Informing humanitarians worldwide 24/7 — a service provided by UN OCHA

Côte d'Ivoire

Ivorian government, rebels thrash out peace accord

By John Zodzi
LOME, Jan 13 (Reuters) - Delegates from Ivory Coast's government and rebel groups gathered in Togo on Monday to sign an accord to try to end nearly two months of fighting in the west of the country.

The western rebels launched their revolt in November, two months after another rebel force took control of mainly Muslim northern Ivory Coast following a failed coup attempt. Hundreds have died in the fighting since mid-September and over 600,000 have fled their homes.

"We came to Lome with the aim of signing an agreement. ECOWAS (the Economic Community of West African States) has just made a proposal that we have accepted and we expect the government to similarly show good faith," said Felix Doh, leader of the Ivorian Popular Movement of the Far West (MPIGO).

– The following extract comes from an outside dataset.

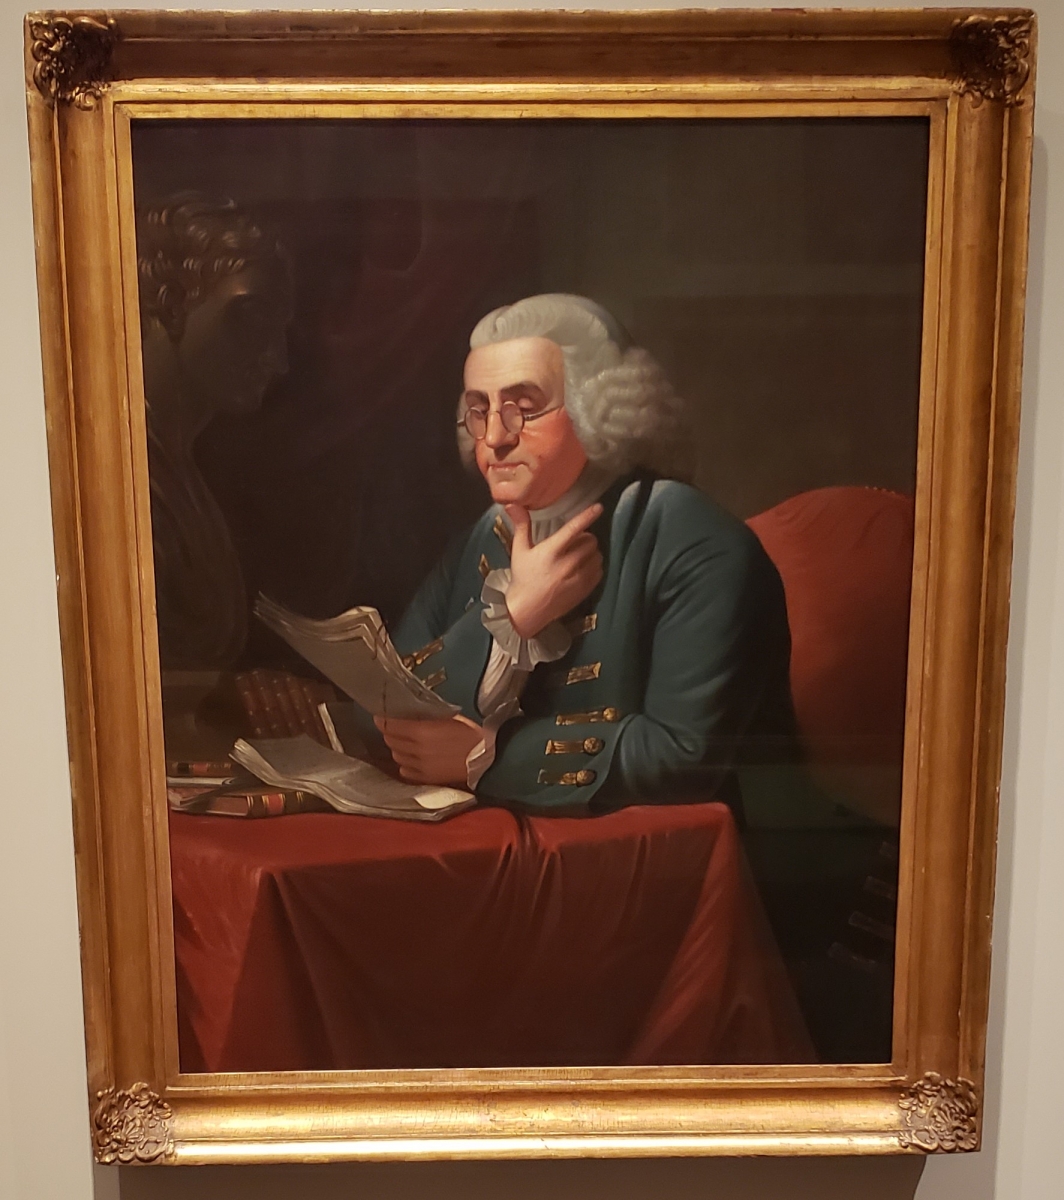 Portrait of Benjamin Franklin as it hangs in the Second Bank of the United States Portrait Gallery in Philadelphia

The northern Patriotic Movement of Ivory Coast (MPCI) signed a ceasefire last month, but no such agreement has been reached with either of the groups in the cocoa-rich west, the MPIGO and the Movement for Justice and Peace (MJP).

The two groups say they were provoked into rebellion by the killing of former military ruler General Robert Guei, a westerner, by government forces in September.

Sources at the talks said there has been much haggling over the wording of the planned accord, with rebels insisting on a "truce" and the government on a fully fledged ceasefire. The ECOWAS mediators and France have been trying to broker a compromise.

Togolese President Gnassingbe Eyadema is due to meet the Ivorian delegates later on Monday, after attending an annual military parade in honour of his coming to power in a 1967 coup.

The fighting in Ivory Coast, the world's largest cocoa producer, has ruined the country's chances of regaining a reputation it once held as an island of stability in a turbulent region. Since its first ever coup d'etat in 1999, Ivory Coast has been rocked by a series of military revolts and political clashes, but the latest crisis is by far the most serious.

FRANCE PRESSURES REBELS

Western diplomats said France exerted pressure on the western rebel factions to make sure they came to Lome, allowing a more auspicious start for the Paris talks involving rebels, government officials and political parties.

France has committed a 2,500-strong force to Ivory Coast in its biggest African intervention since the 1980s to stop the crisis spiralling out of control in a country where it has big business interests and up to 20,000 citizens.

But there are few signs of compromise between President Laurent Gbagbo's government and rebels ahead of talks.

"There is nothing to negotiate with Gbagbo because Gbagbo does not respect his word," said Louis Dacoury-Tabley, a Paris-based leader of the MPCI, which signed its ceasefire after failing to make serious inroads into the mostly Christian south.

All three rebel groups are united in their desire to see the back of Gbagbo, who was elected in disputed polls in 2000, and they want new elections.

Gbagbo has said he will not go, proposing instead a national unity government and amnesty for the rebels.

The western groups have said they will take part in the Paris peace talks despite announcing on Friday that they were pulling out after attacks by loyalists backed by foreign mercenaries and helicopter gunships.

The army said on Sunday that it had frozen its positions in the west as long it was not provoked by the rebels.